§ Work to be completed: The data below should be retyped exactly, with the pictures left out.

§ Given material:
[Start of section]

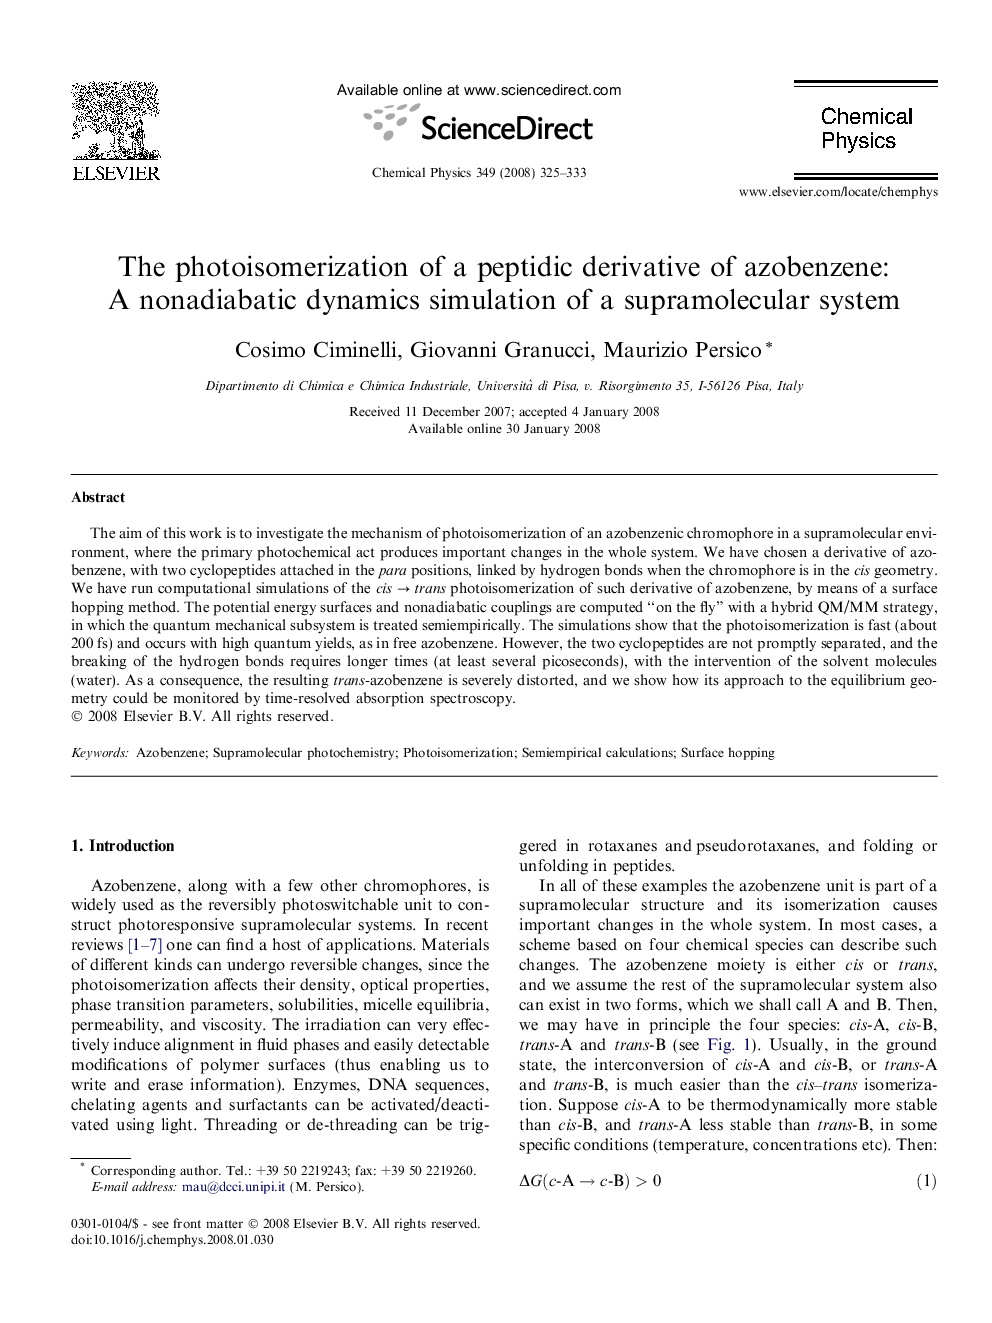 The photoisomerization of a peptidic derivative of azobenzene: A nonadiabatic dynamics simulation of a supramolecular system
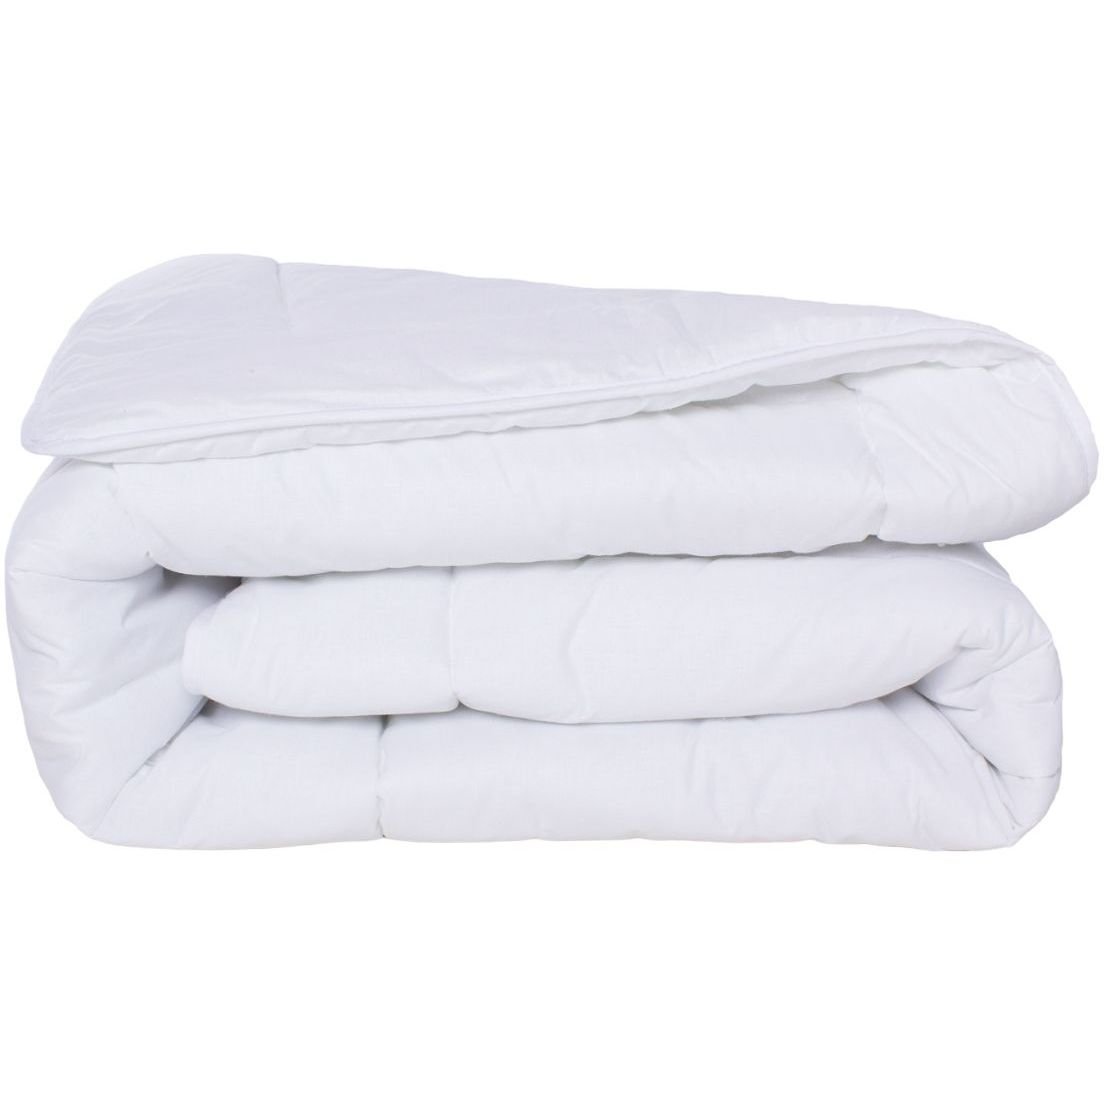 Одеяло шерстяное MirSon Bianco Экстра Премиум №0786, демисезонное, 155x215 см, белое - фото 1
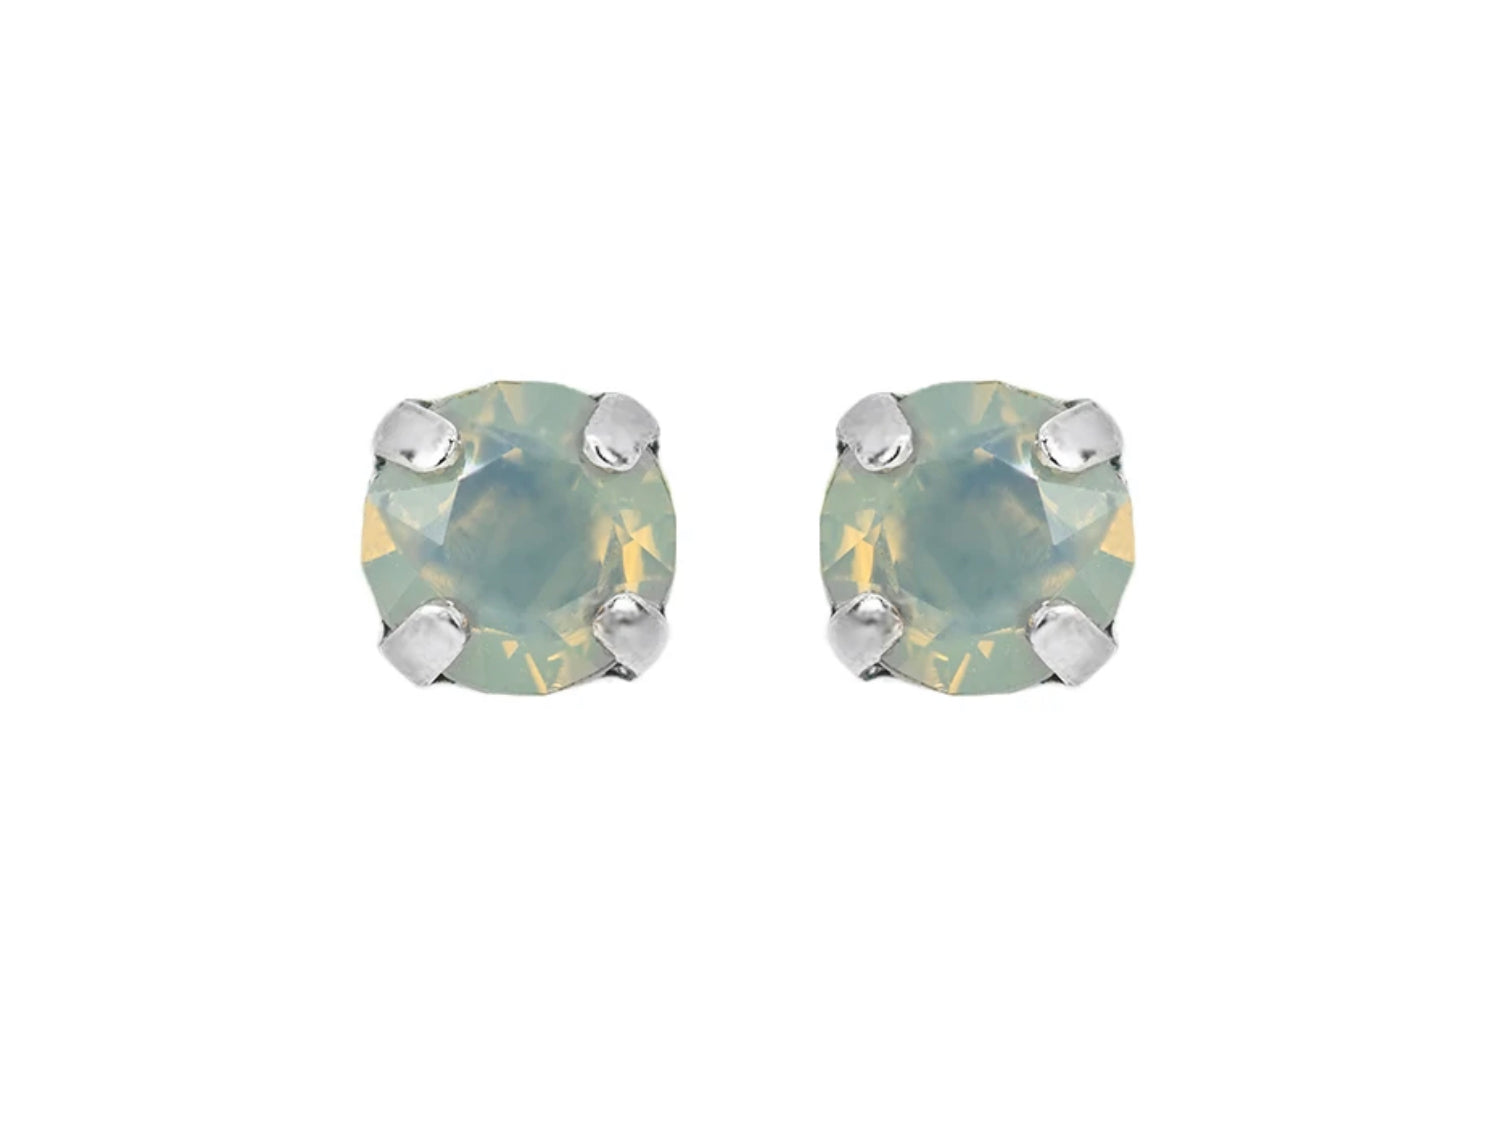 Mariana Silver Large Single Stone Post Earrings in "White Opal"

[End of section]

§ Solution to this exercise:
 The photoisomerization of a peptidic derivative of azobenzene: A nonadiabatic dynamics simulation of a supramolecular system
 Одеяло шерстяное MirSon Bianco Экстра Премиум №0786, демисезонное, 155x215 см, белое - фото 1
 Mariana Silver Large Single Stone Post Earrings in "White Opal"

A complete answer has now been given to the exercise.